The ENTROPY Procedure(Experimental)

Generalized Maximum Entropy

Reparameterization of the errors in a regression equation is the process of specifying a support for the errors, observation by observation. If a two-point support is used, the error for the tth observation is reparameterized by setting $e_{t} \:  = \:  w_{t1} \,  v_{t1} \:  + \:  w_{t2} \,  v_{t2}$, where $v_{t1}$ and $v_{t2}$ are the upper and lower bounds for the tth error $e_{t}$, and $w_{t1}$ and $w_{t2}$ represent the weight associated with the point $v_{t1}$ and $v_{t2}$. The error distribution is usually chosen to be symmetric, centered around zero, and the same across observations so that $v_{t1} \:  = \:  -v_{t2} \:  = \:  R$, where R is the support value chosen for the problem (Golan, Judge, and Miller 1996).

The generalized maximum entropy (GME) formulation was proposed for the ill-posed or underdetermined case where there is insufficient data to estimate the model with traditional methods. $\beta $ is reparameterized by defining a support for $\beta $ (and a set of weights in the cross entropy case), which defines a prior distribution for $\beta $.

In the simplest case, each $\beta _ k$ is reparameterized as $\beta _ k \:  = \:  p_{k1} \,  z_{k1} \:  + \:  p_{k2} \,  z_{k2}$, where $p_{k1}$ and $p_{k2}$ represent the probabilities ranging from [0,1] for each $\beta $, and $z_{k1}$ and $z_{k2}$ represent the lower and upper bounds placed on $\beta _{k}$. The support points, $z_{k1}$ and $z_{k2}$, are usually distributed symmetrically around the most likely value for $\beta _{k}$ based on some prior knowledge.
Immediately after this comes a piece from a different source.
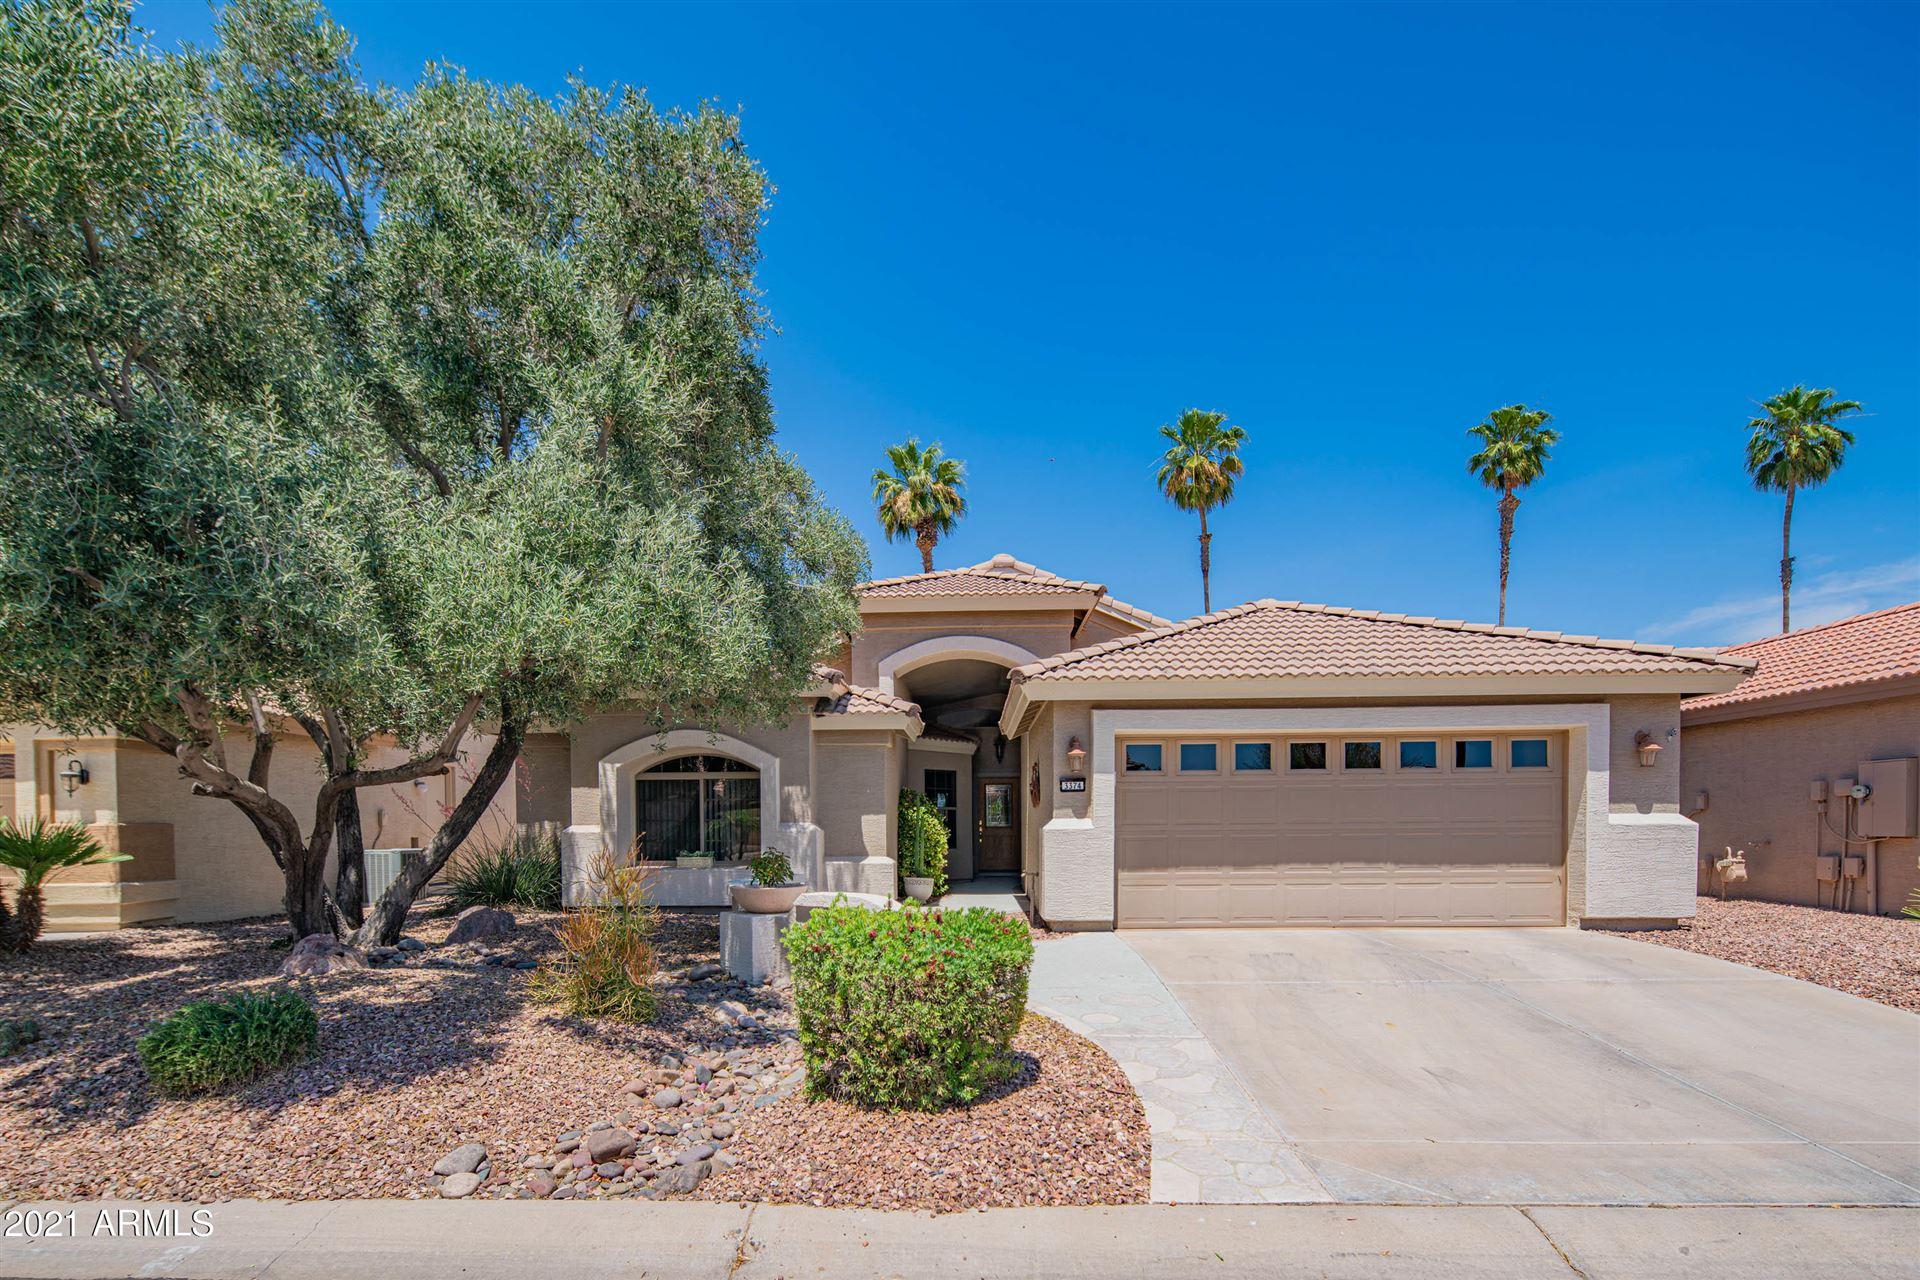 Photo of 3374 N 159TH Avenue, Goodyear, AZ 85395 (MLS # 6232100)

With these reparameterizations, the GME estimation problem is

\begin{eqnarray*} \mr{maximize} & H(p,w) \: = \: -pā€™ \, \ln (p) \: - \: wā€™ \, \ln (w) \\ \mr{subject\, to} & y \: = \: X \, Z \, p \: + \: V \, w \\ & 1_{K} \: = \: (I_{K} \, \otimes \, 1_{L}ā€™) \, p \\ & 1_{T} \: = \: (I_{T} \, \otimes \, 1_{L}ā€™) \, w \end{eqnarray*}

where y denotes the column vector of length T of the dependent variable; $\mb{X}$ denotes the $(\mi{T} \times \mi{K} )$ matrix of observations of the independent variables; p denotes the LK column vector of weights associated with the points in Z; w denotes the LT column vector of weights associated with the points in V; $1_{K}$, $1_{L}$, and $1_{T}$ are K-, L-, and T-dimensional column vectors, respectively, of ones; and $I_{K}$ and $I_{T}$ are $(\mi{K} \times \mi{K} )$ and $(\mi{T} \times \mi{T} )$ dimensional identity matrices.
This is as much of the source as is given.